Welcome to the second installment of "Podpourri" a community space to share what podcasts Advising and Career Services staff are listening to and what they're learning from it.

>> Please email GINNY JACKSON if you would like to share a podcast

February 2022 Podpourri Contributor:
Alice Y. Traore
Interim Assoc. Director of Equity, Diversity & Inclusion with the Center for Teaching, Learning, and Mentoring
Years at UW-Madison: 11
An interesting fact about Alice: My relationship with podcasts and audiobooks goes back to my love of being read to and is furthered by my belief in the power of story-sharing. On the weekends, I am a watercolor artist. Paining is a solitary act, so I welcome the company of voices podcasts provide.

Alice’s Podcast Selection:

Black Oxygen: Season 5, Episode 1: Host Angela Russell’s Conversation with Myra McNair

Why did you choose this podcast and why this episode specifically?

Black Oxygen focuses on Black people in Madison and other parts of Wisconsin, and is hosted by the brilliant and talented Angela Russell, the Chief Diversity Officer, Diversity, Equity and Inclusion at CUNA Mutual Group. This particular episode addresses the current state we are in with COVID, grief and loss. Myra McNair speaks about mental health and addresses the fact that this rush to “back to normal” carries differential impact on communities. I really appreciated the in-depth look at Black grief and the offering of resources that supports one’s mental health and well-being. Black Oxygen has also become a dose of “audible armor” that helps me survive all the spaces and places that weren’t designed for me.

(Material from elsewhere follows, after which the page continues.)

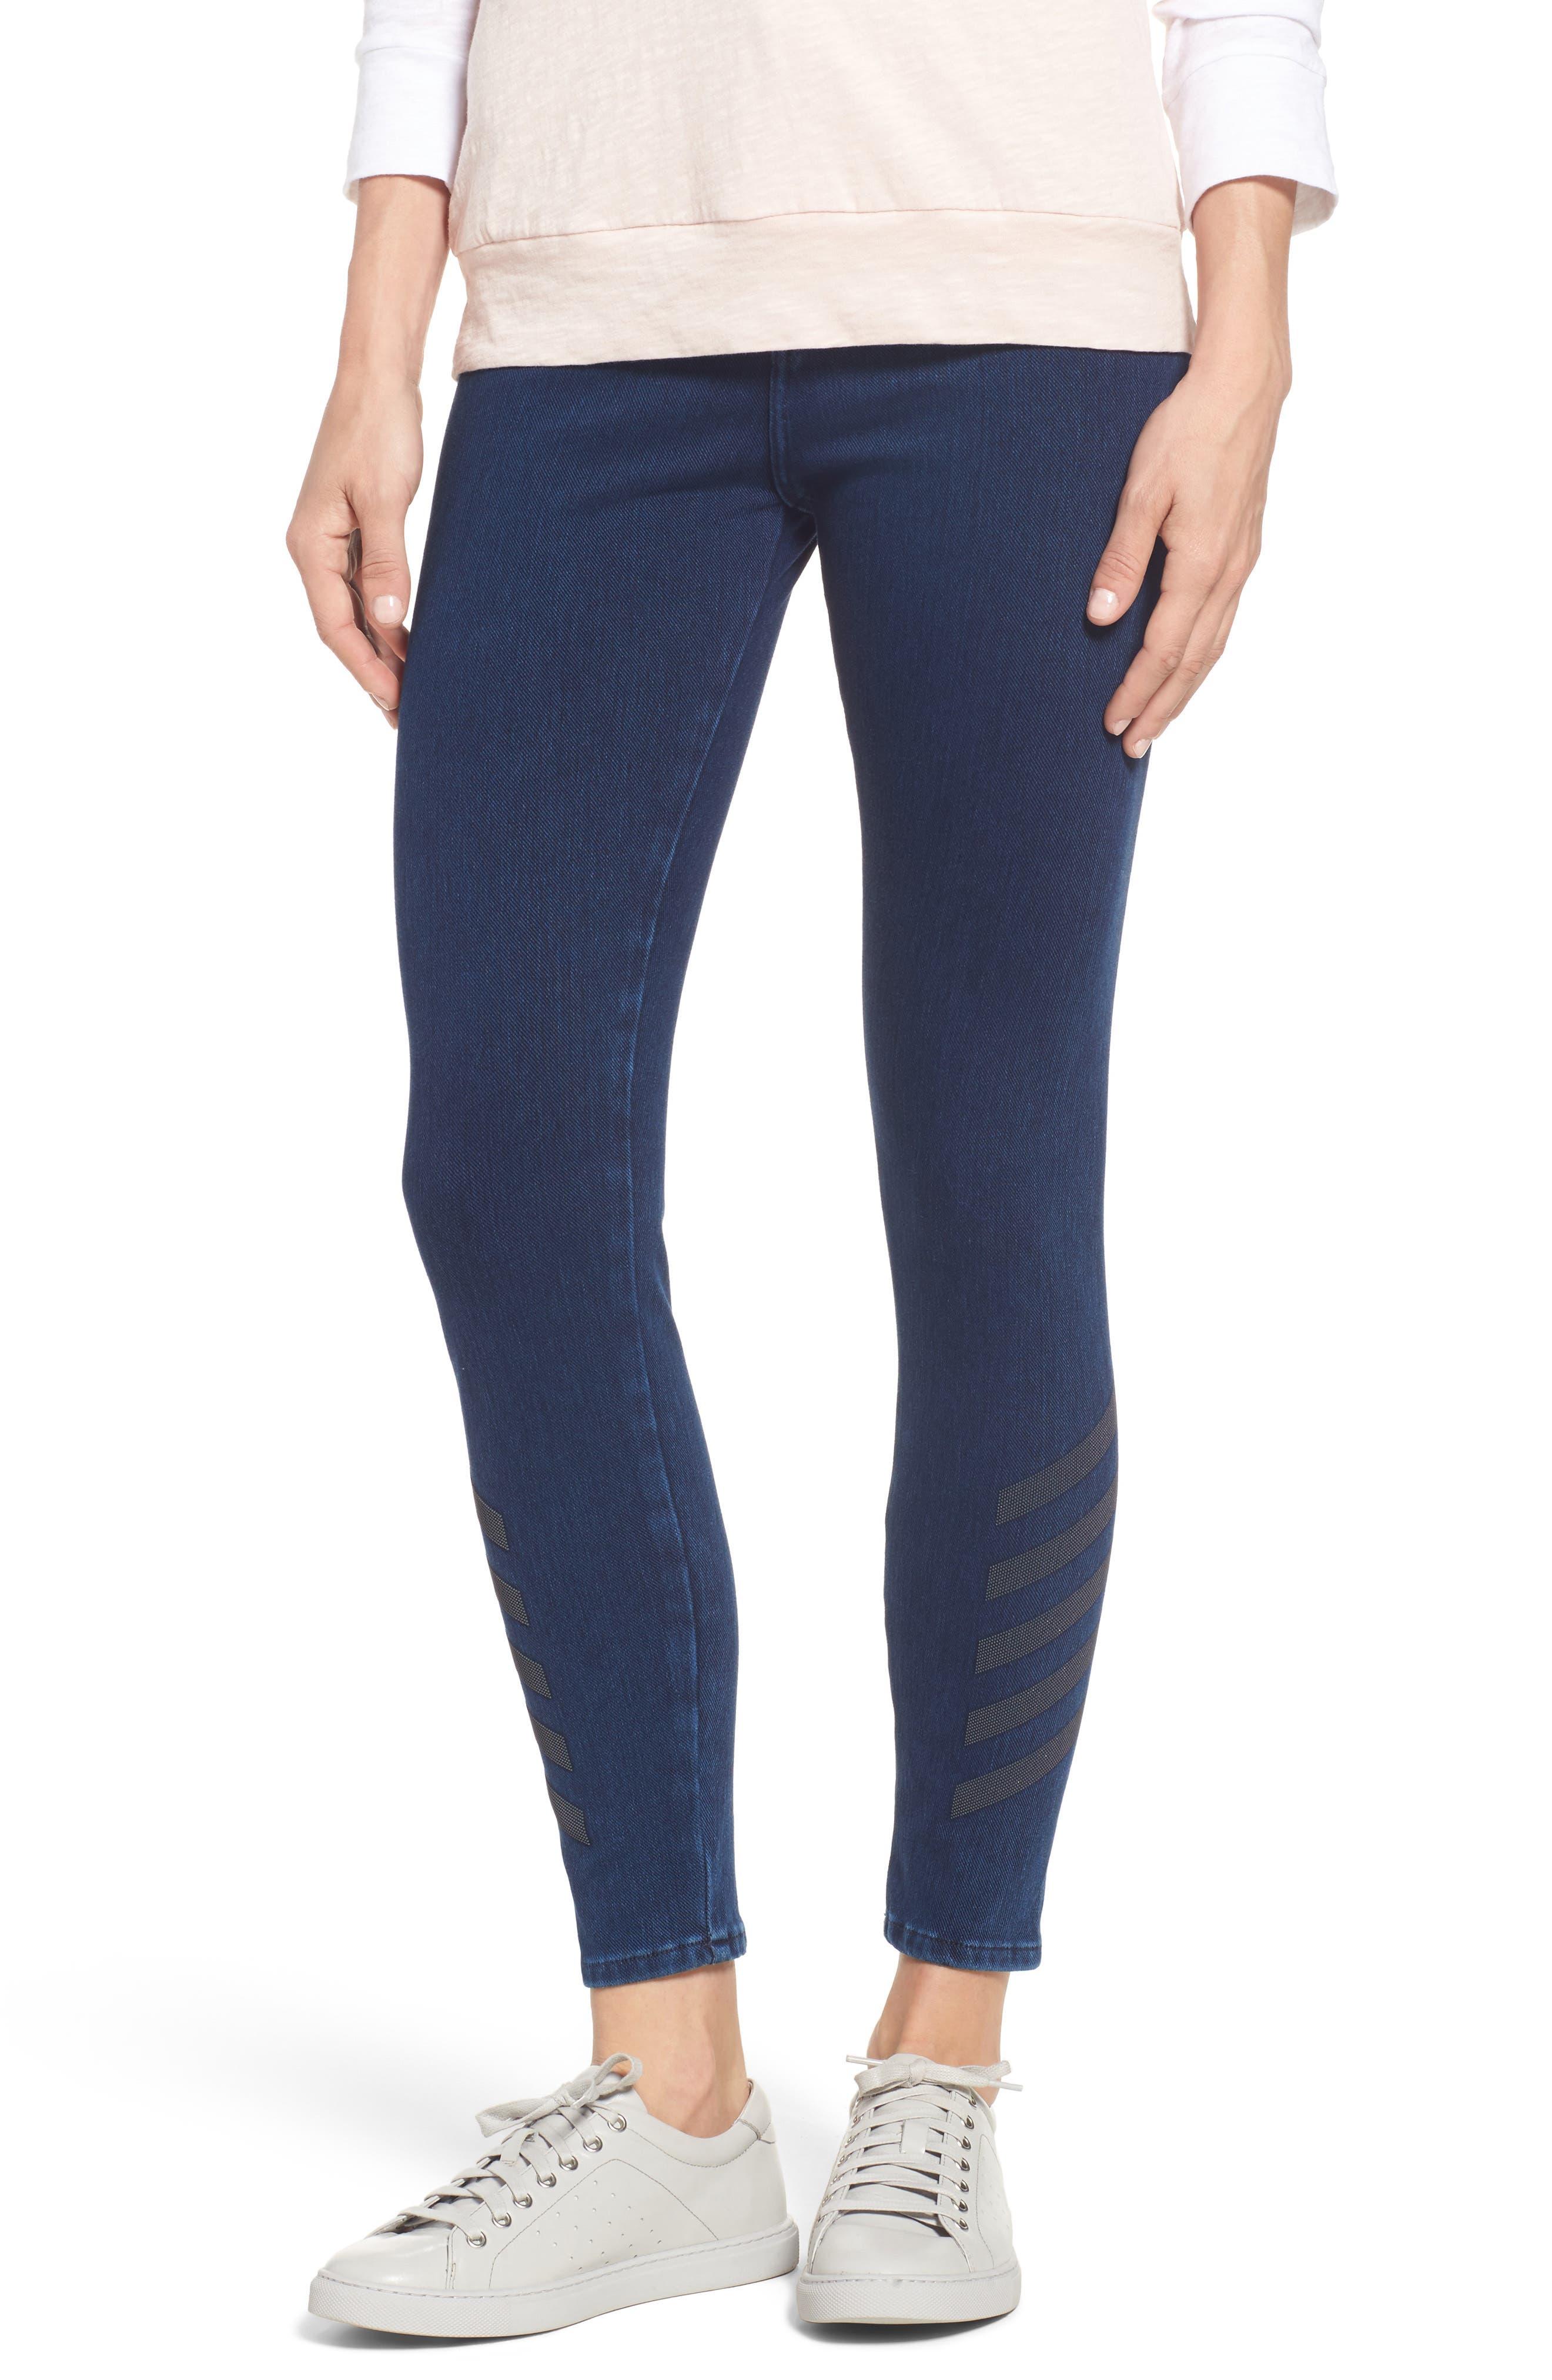 Joie Embellished High Waist Skinny Jeans,                         Main,                         color, 401
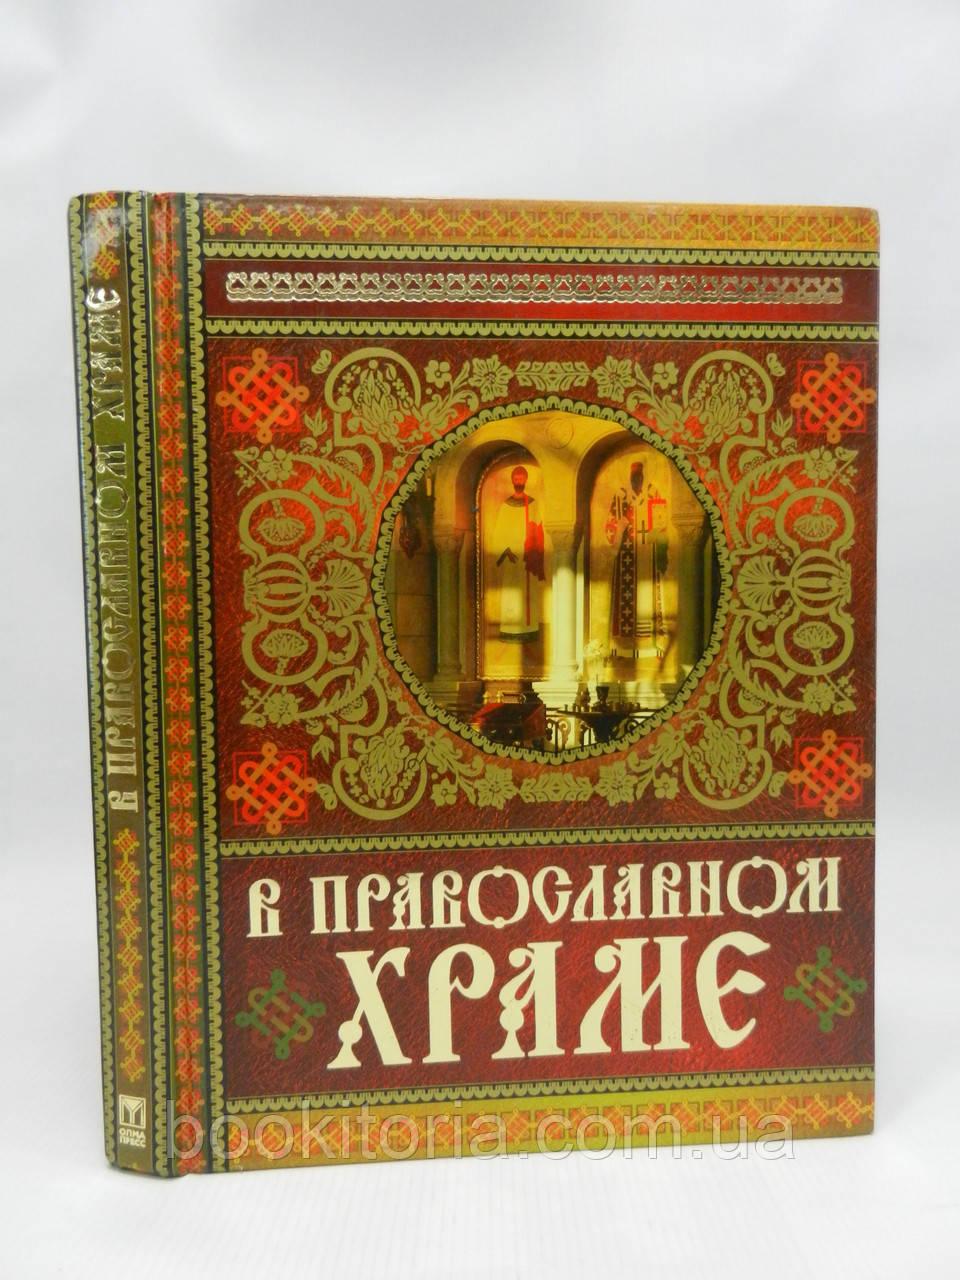 Щеголева Е., Глаголева О. В православном храме (б/у).

How does this podcast relate to your work?

I can relate almost every episode of Black Oxygen to my work. I usually find myself jotting down quotes when I listen. Because of the current racial climate, it is becoming increasingly difficult for me, as a person of color, to do EDI work on a predominantly white campus. In 2020, the nation chanted “Black Lives Matter.” Now it’s 2022, it feels like the nation is seeking to destroy anything that mentions Black lives by broadening and demonizing the term Critical Race Theory. The tides turned at a neck-breaking speed.